STUART TREVOR: LIFE AFTER ALLSAINTS

STUART TREVOR: LIFE AFTER ALLSAINTS

It feels right to start with the bench. Not the heavy wooden ones stacked floor-to-ceiling in AllSaints stores, part of that infamous industrial aesthetic, but a metal bench outside a small Italian sandwich shop in London. That’s where I met Stuart Trevor. We sat there with focaccias wrapped in greaseproof paper, sipping San Pellegrinos yapping in the August sun, chatting about his life while the city moved around us. It was disarmingly normal. This was the man who created AllSaints, the label that defined a generation’s going-out, rock & roll wardrobe, rewrote the look of the British high street, and turned distressed leather into a lifestyle. And yet here he was, brushing crumbs off his lap and telling me stories about Hong Kong, New York and living the high life in his old design studio in Shoreditch. 
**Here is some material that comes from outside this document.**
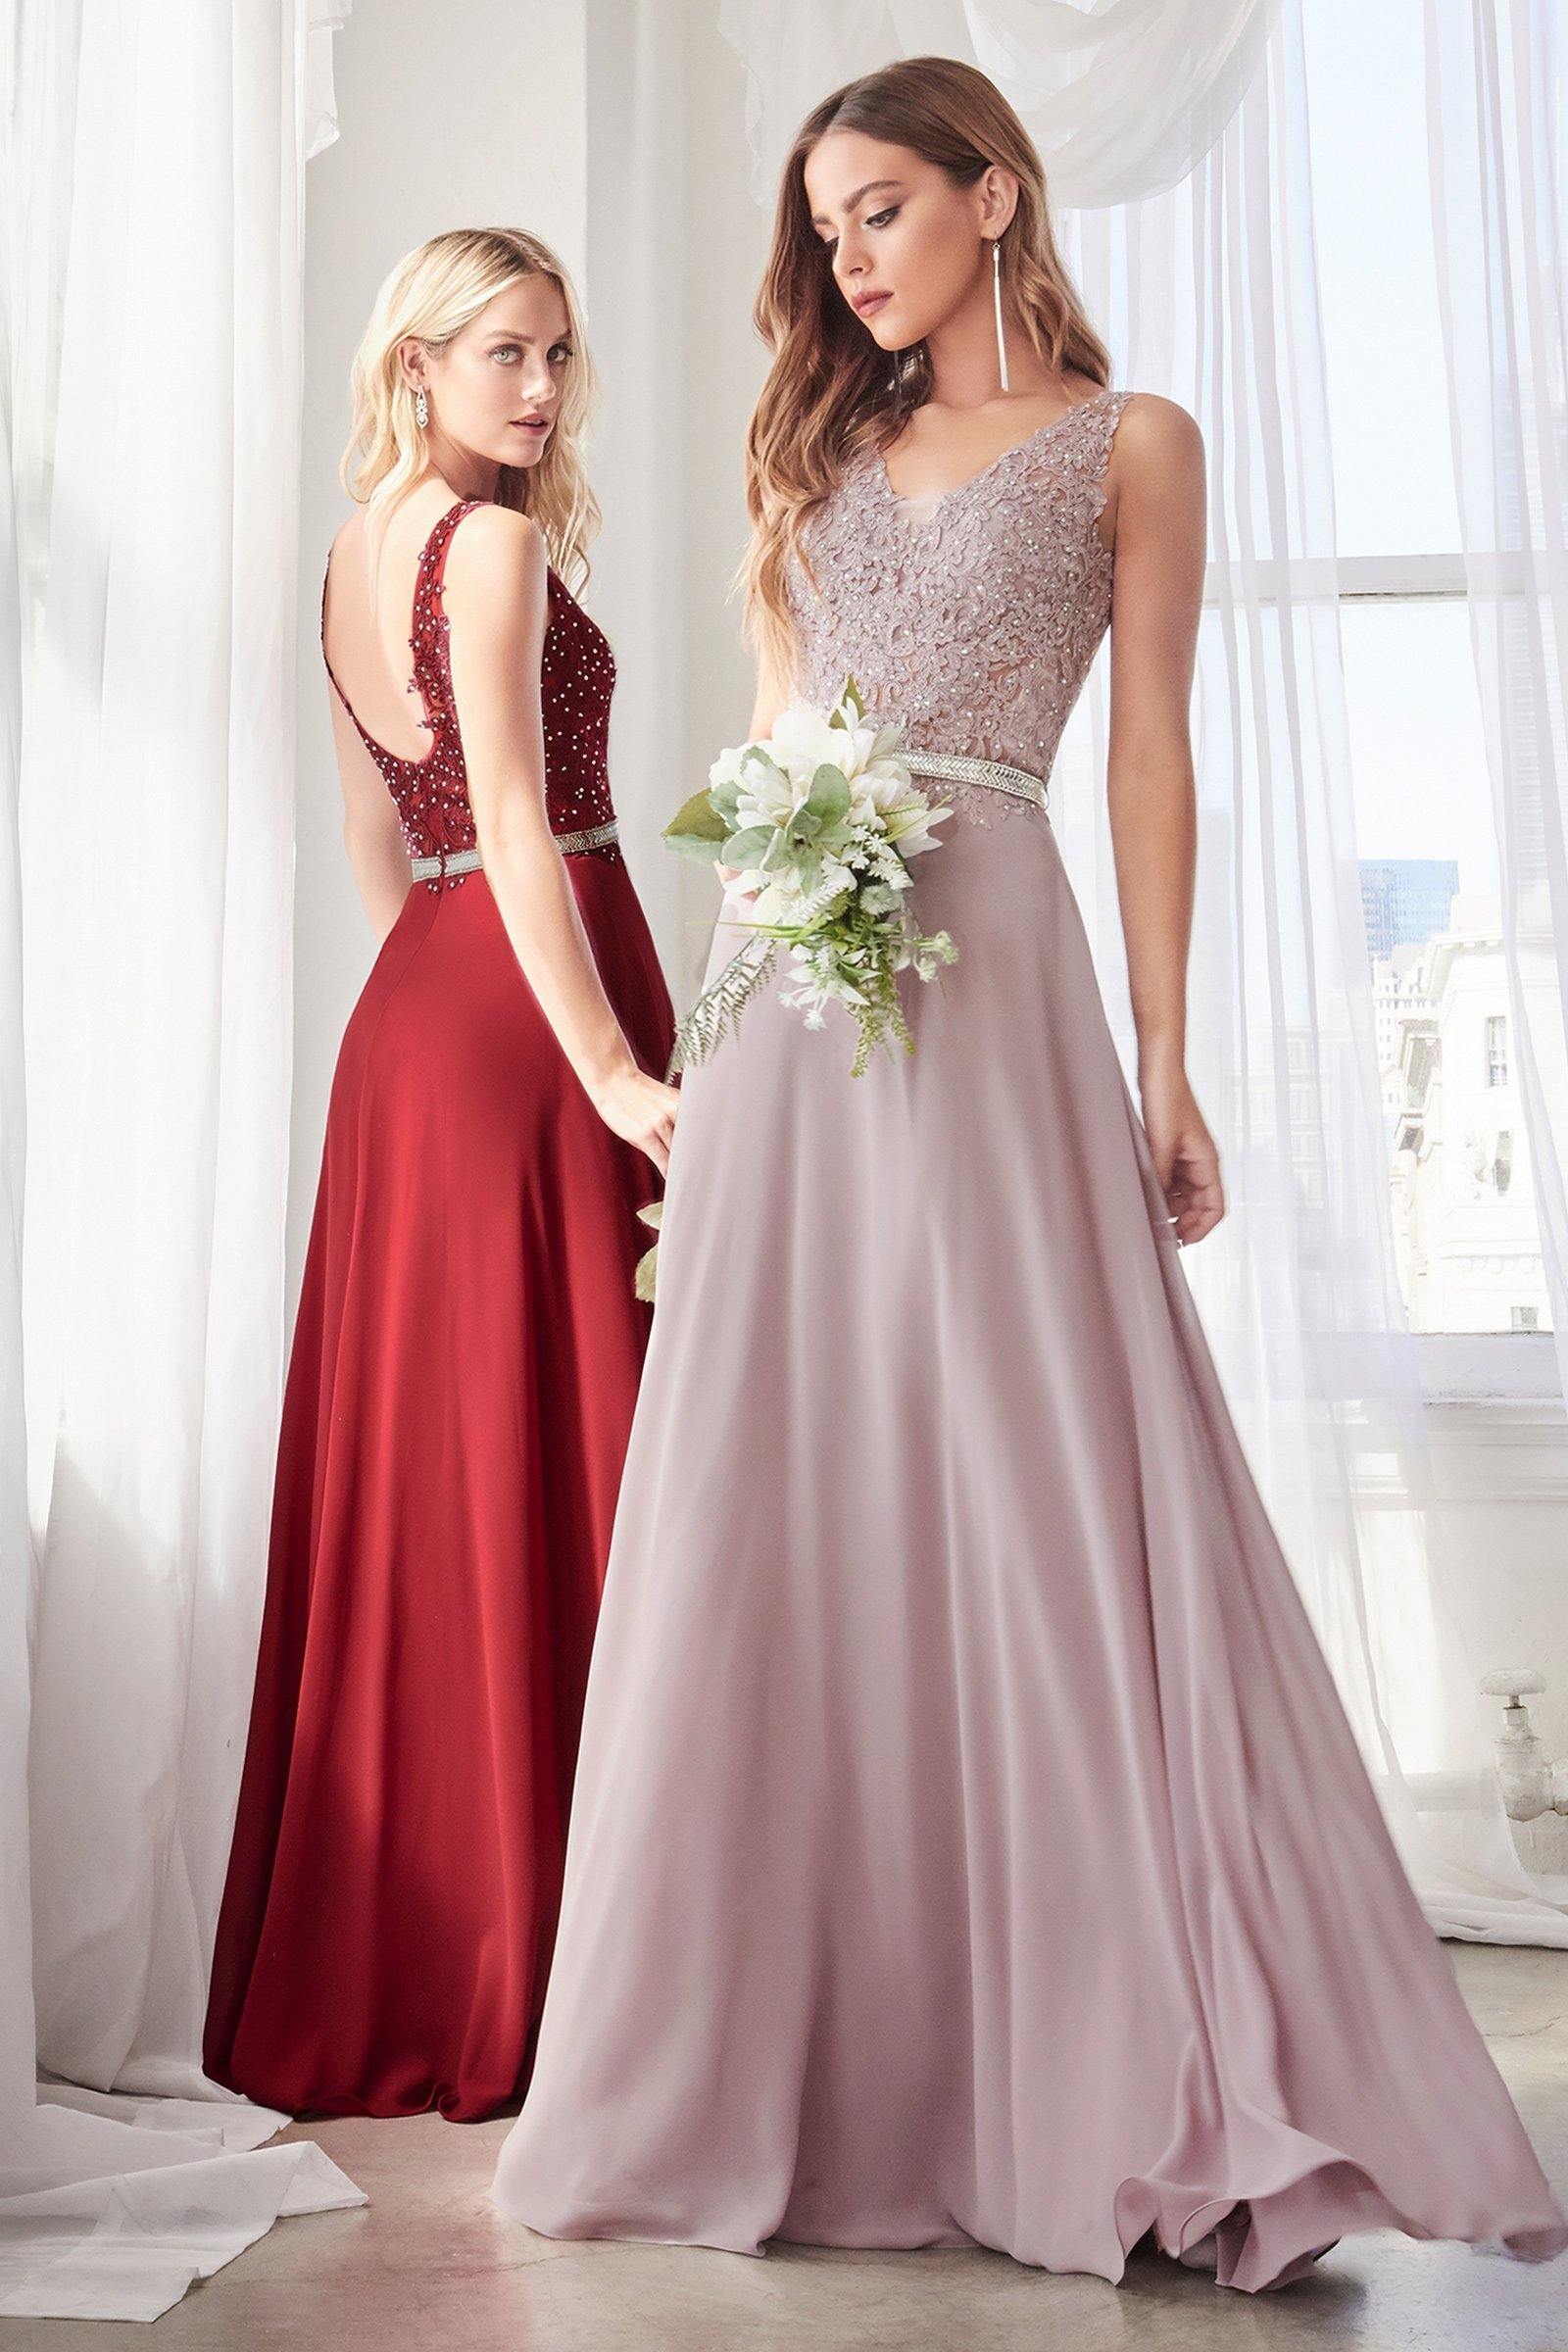 Bridesmaids Long Formal Sleeveless Prom Dress - The Dress Outlet

And maybe that’s the thing about Stuart. For someone who changed the way Britain dressed in the late 90s and early 2000s, he's surprisingly very chilled and matter of fact, never mincing his words or appearing like somehow he's not. He’s genuine and funny in a way that cuts through the mythology. A man who started with very little, obsessed over clothes since childhood, and somehow carved an empire out of talent, no-nonsense business acumen and flea market furniture.

Stuart grew up in Dundee with his siblings. “We didn’t have money,” he says plainly. “Everything I wore was a hand-me-down.” When his mum remarried when he was eight, the family doubled overnight. “She married a guy with four kids, and then we adopted another. Suddenly there were eight of us in the house.” Clothes were rationed, toys scarcer, but imagination filled the gaps.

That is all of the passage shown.